The realm of international relations comprises today not only states and global regimes such as the United Nations, but also many international organizations with a mandate in regional peace and security. Although these organizations, such as the AU, the OAS, the EU, or NATO have made significant headway over the last decade and are regarded as key actors in the prevention and resolution of conflicts, their role remains under-studied. How have they become prominent security actors? What are their comparative advantages and disadvantages? What are the implications for the United Nations as the prime actor responsible for peace and security? What are the challenges ahead?
The interest shown by policy-makers in regional organizations is fairly recent and it has been spurred by some changes in the global scene. The first is the realization that the majority of threats and security problems are primarily regional rather than local, national, or global.1 Today it is difficult to envision a security problem that originates and is neutralized strictly within the confines of a single state. Be it inter-state or intra-state armed conflict, proliferation of deadly diseases, illegal immigration, or failed states, contemporary threats usually have a regional pattern that calls for regional mechanisms to confront them. Second, although the sovereignty axiom is still prominent, states— seduced by the potentially positive effects of economic integration and suffering the effects of globalization—are showing signs of being less orthodox and more malleable about external interventions. With increased frequency, humanitarian norms have been the source of calls for intervention to halt or prevent gross violations of human rights.

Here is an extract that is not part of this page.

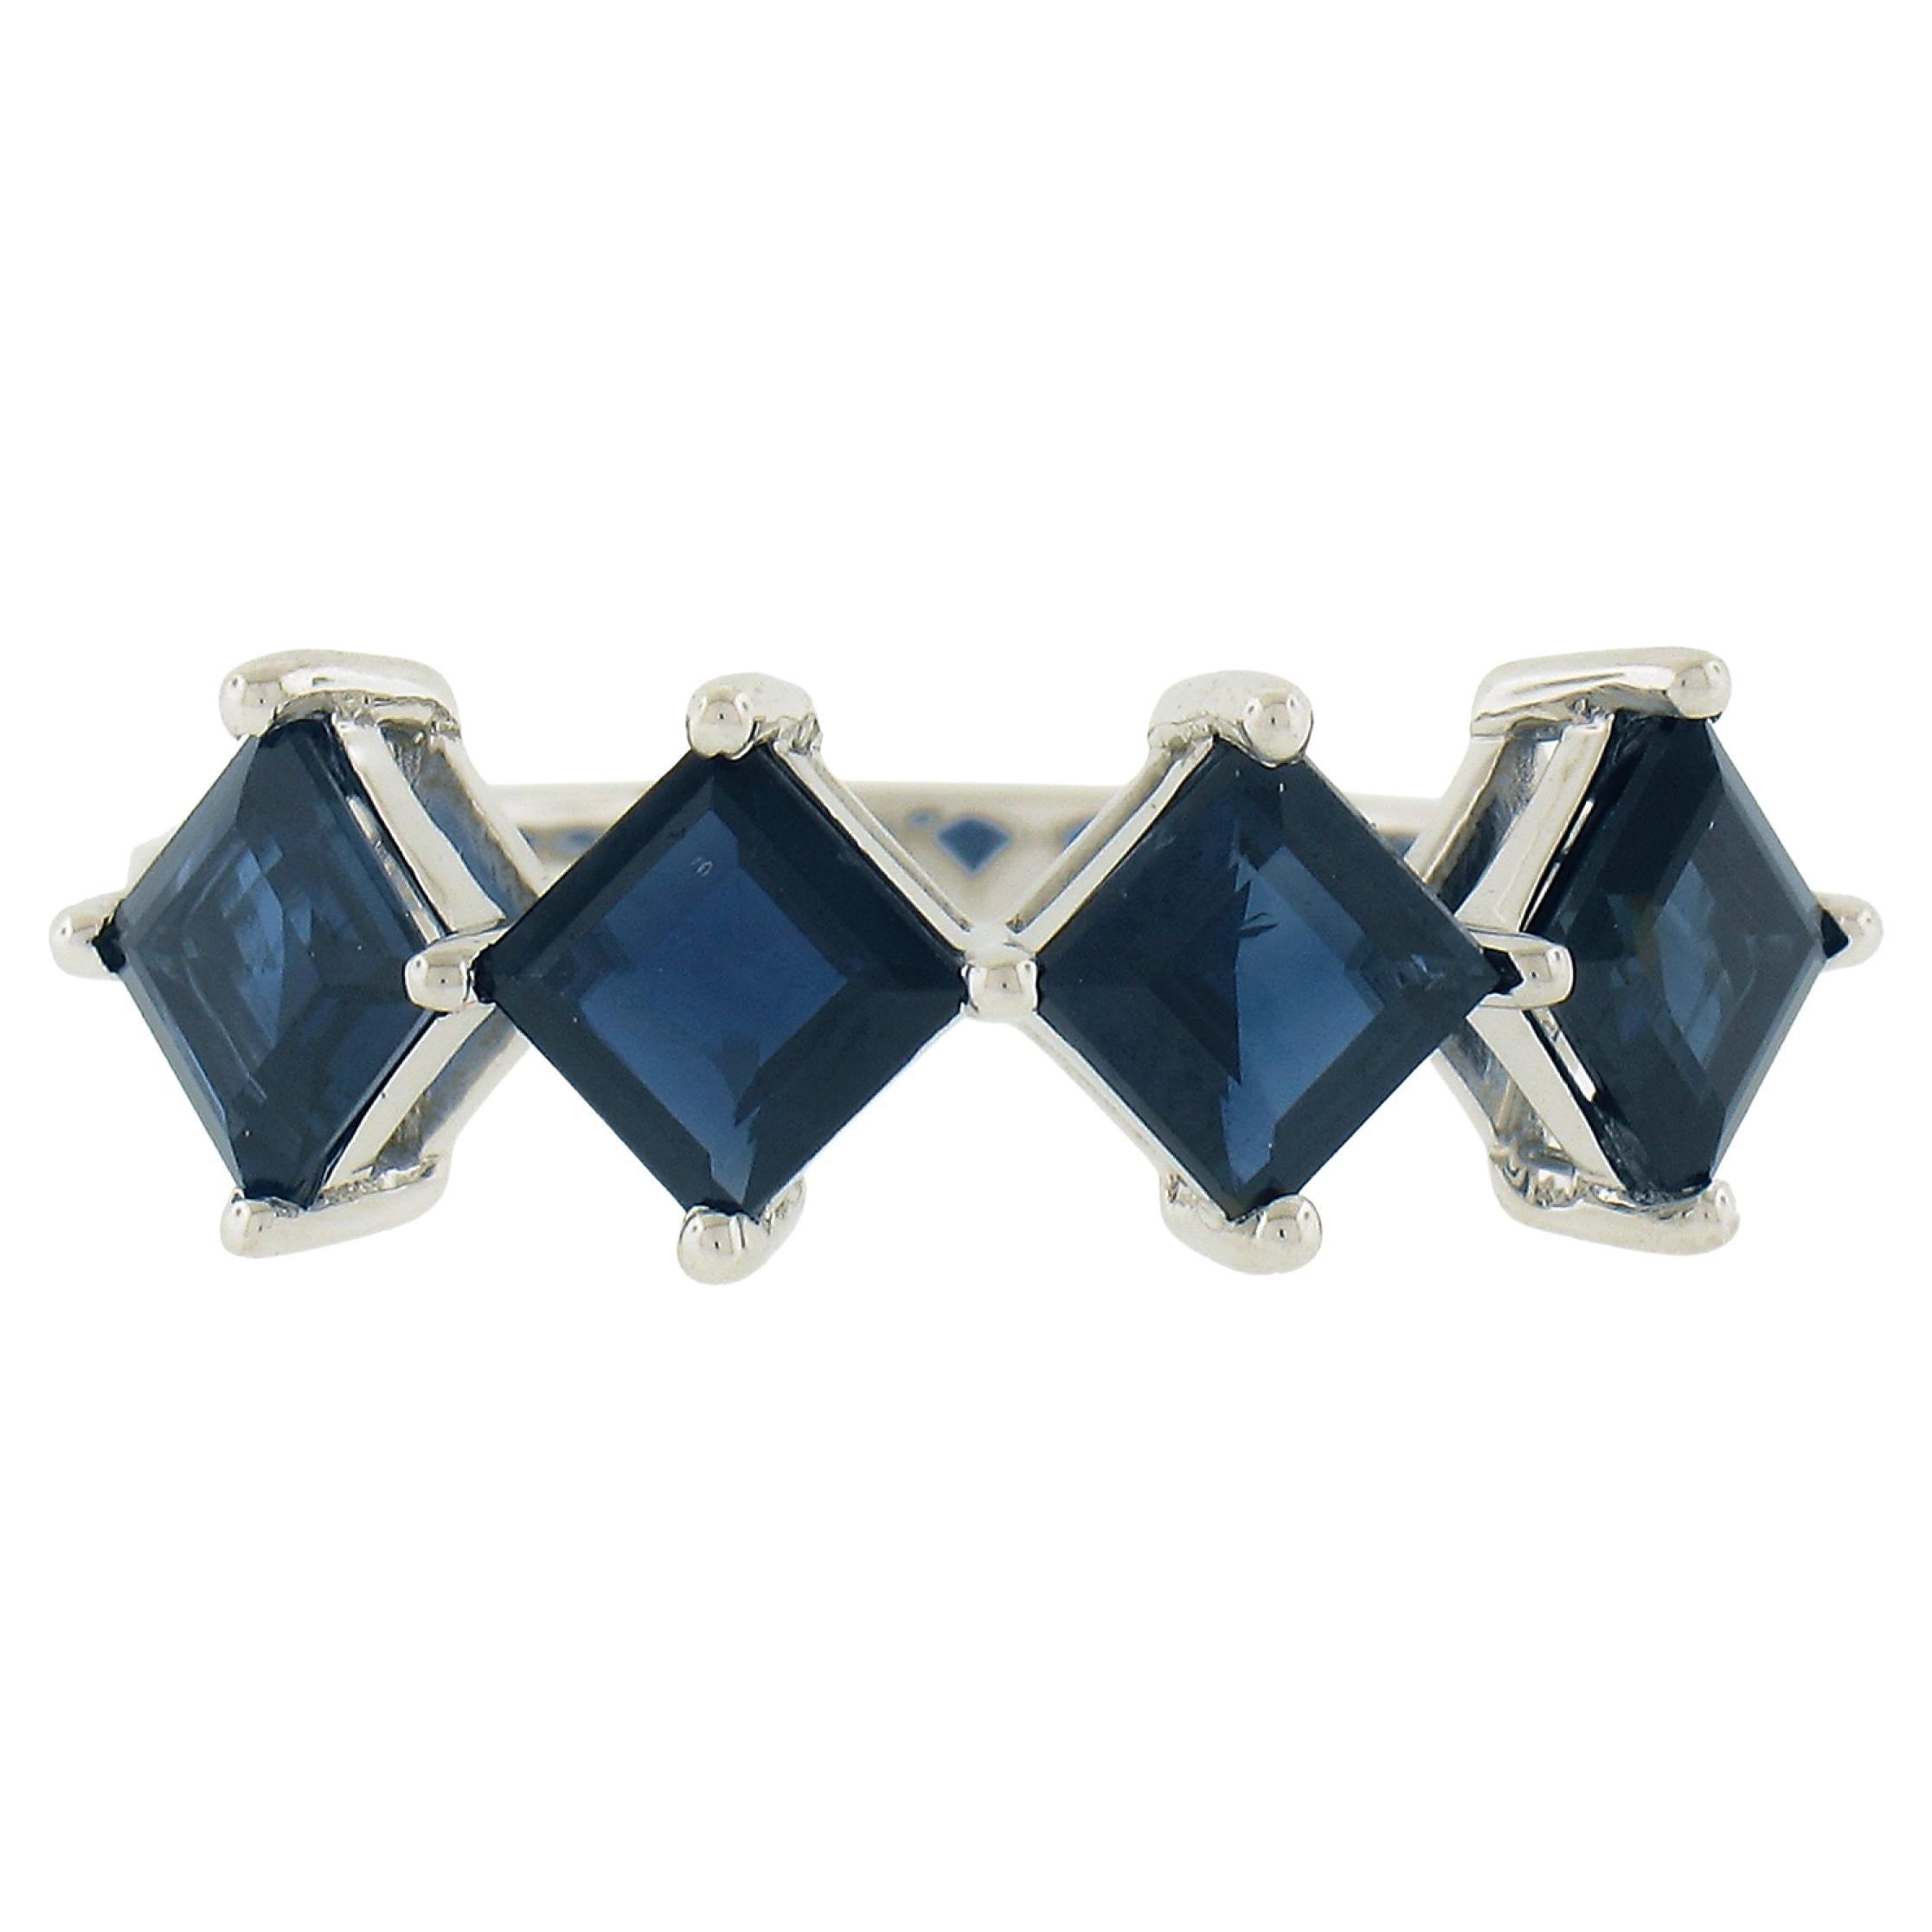 NEW 18K White Gold 2.30ctw Square Step Cut Sapphire Prong Set Stack Band Ring

Third, regional institutions have been encouraged to take on a security mandate as a way to cope with the frailty of the United Nations. In the past, mostly in the context of the Cold War, regional institutions and regional conflicts were subordinated to the particular interest of the superpowers.2 As former UN Secretary-General Boutros-Ghali stated in the 1992 Agenda for Peace, “the Cold War impaired the proper use of Chapter VIII and indeed, in that era, regional arrangements worked on occasion against resolving disputes in the manner foreseen in the Charter.” This judgment seems justified as long as it was based on action by the OAS with regard to Cuba (1962) and the Dominican Republic (1965), the League of Arab States in Lebanon (1976–83), or the Organization of African Unity’s (OAU) action in Chad (1981).3 After the Cold War, however, a renewed interest in the global level and in the possibility of a new approach in terms of international peace was generated. Yet, the weak financial conditions of the United Nations, the poor record of its peacekeeping missions in the 1990s (e.g. UNPROFOR in the former Yugoslavia and UNOSOM in Somalia), and political pressure from Western powers for reform served as stumbling blocks on the UN’s road toward complete self-sufficiency in peace and security.4 This has been acknowledged even by the UN itself; on numerous occasions the secretary-general has recognized that the organization “lacks the capacity, resources and expertise” to address all the problems and therefore the support of regional organizations is “both necessary and desirable.”5 In 1994, the issuing of Presidential Decision Directive 25 (PDD-25) by President Bill Clinton was another blow to the universal aspirations of the UN. In the wake of the disastrous mission in Somalia, the directive prevented the United States from using peacekeeping operations as the centerpiece of its foreign policy. Interestingly, as a complement to America’s unilateral actions, it foresaw supporting the improvement of regional organizations’ peacekeeping capabilities. In 2000, this point was reinforced in PDD 71 of February 2000, which identified the strengthening of the capacity of regional organizations as a major objective.
It is clear today that the UN has neither enough resources nor political will to engage with all security problems. These impediments have, hence, paved the way for greater regional involvement. As Haas already pointed out during the Cold War, “regional security arrangements grow in direct proportion to disappointment with the UN collective security system.”6 The beginning of this renewed trend toward the regionalization of security mechanisms arrived with the Economic Community of West African Countries’ (ECOWAS) armed intervention in Liberia in 1990 (see Chapter 3). Liberated from the suffocating forces of the Cold War, West African states seized the opportunity to take responsibility for their own interests.
As a result of the growth of regional action, this book presents a critical account of the role and capacities of international organizations in the realm of regional peace and security.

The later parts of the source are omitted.